NORTH West food retailer Booths has urged families to maintain a high fibre diet to prevent a killer disease.

It’s Bowel Cancer Awareness Month during April and the store is supporting Bowel Cancer UK to raise awareness among customers.

Customers are being encouraged to eat more spelt, a major source of fibre .

During the month Booths will be offering a 20 per discount on these products while 10 per cent 10% of all sales will go to the charity.

Here is a recipe from Thomasina Miers for Rose Veal Chops with Apricot and Coriander Spelt Salad.

Ingredients

2 Rose Veal Chops, 200g Pearled Spelt, 650ml vegetable or chicken stock, 5 tbsp extra virgin olive oil, 1 onion, 60g shelled pistachio nuts, Zest and juice of an orange, Juice of a lemon, 1 garlic clove, 4 spring onions, 70g dried apricots, handful of mint leaves, handful of coriander leaves, 2 red chillies.

Method

Let the chops reach room temperature, then place in a dish with lemon juice, oil, chilli, marjoram, salt and pepper and set aside.

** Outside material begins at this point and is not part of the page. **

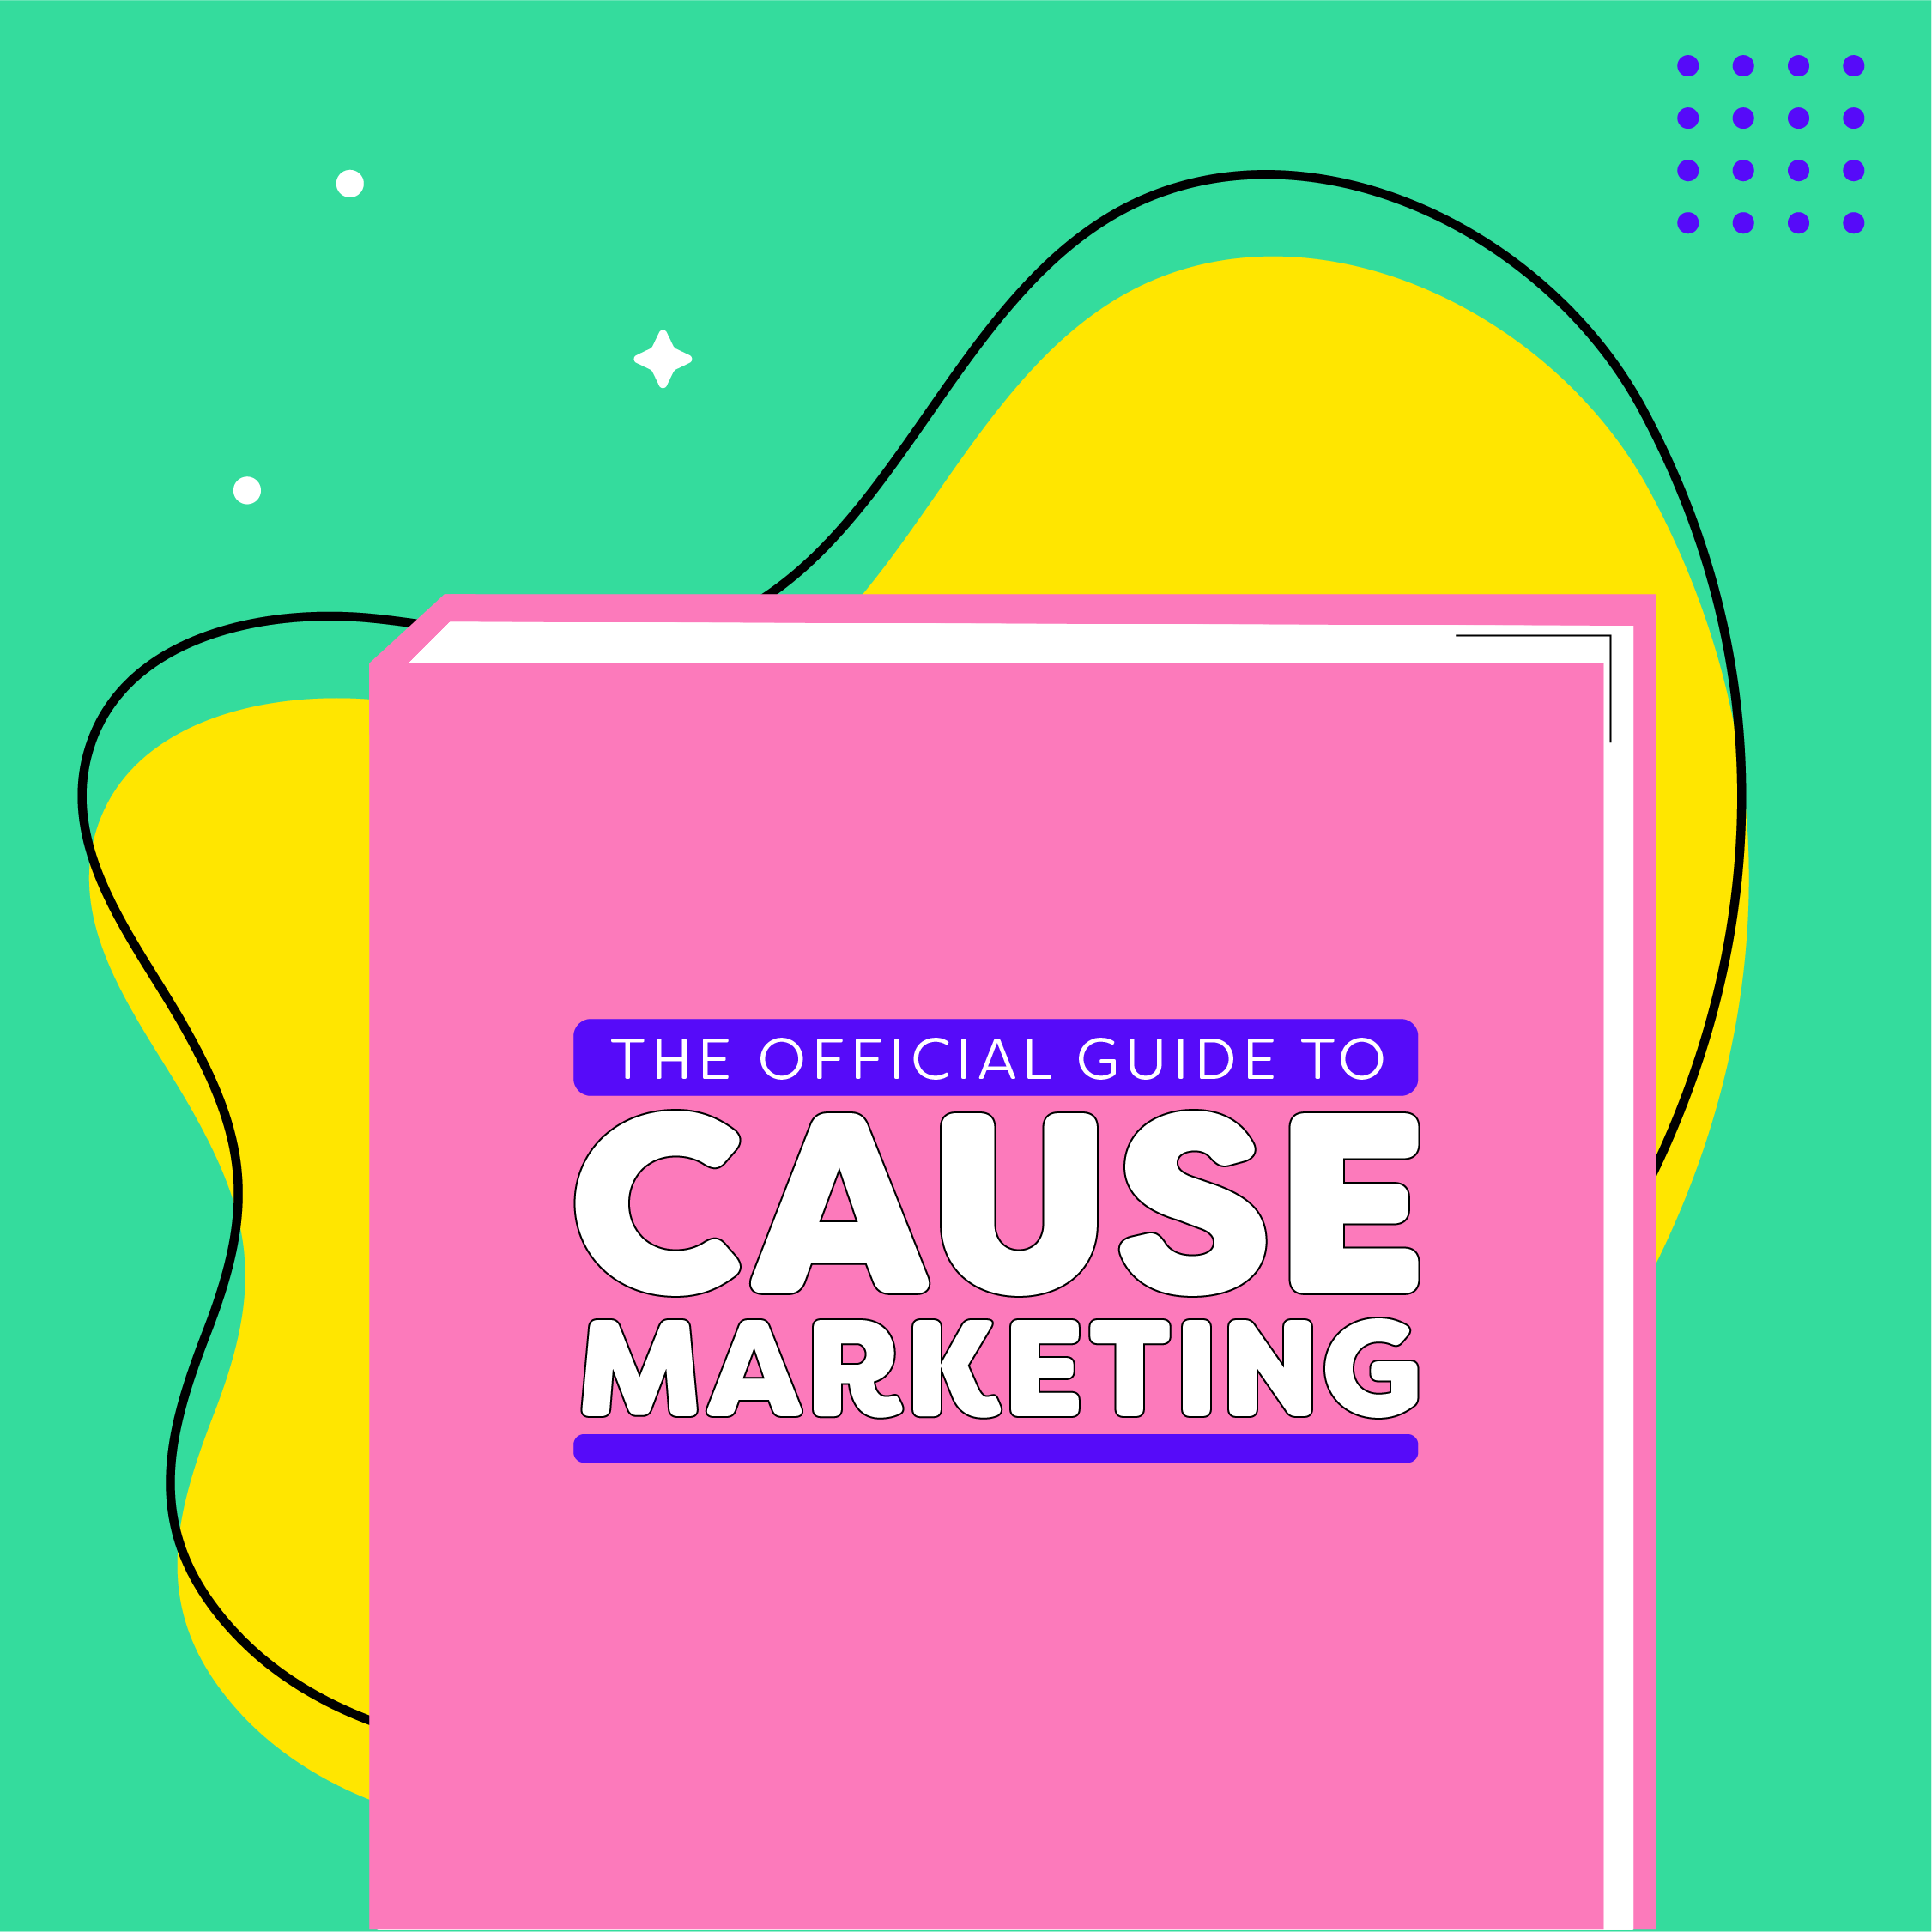 The Official Guide to Cause Marketing

Rinse the spelt in cold water. Cover with the boiling stock, or well salted boiling water and cook until the grains are just tender, about 20 minutes.

Meanwhile cook the sliced onions in hot oil until browned. Once the spelt is cooked, toss in the olive oil, citrus juices and season with salt and pepper. Leave for five minutes before tossing in the remaining ingredients.

When you are ready to eat heat a large, heavy frying pan or a griddle pan until smoking hot and season the steaks generously.

Add a knob of butter and a splash of olive oil to the pan and cook the steaks for 4-5 minutes a side and leave to rest in a warm place for 10 minutes. Wilt spinach leaves.

Serve the steaks alongside the spelt salad.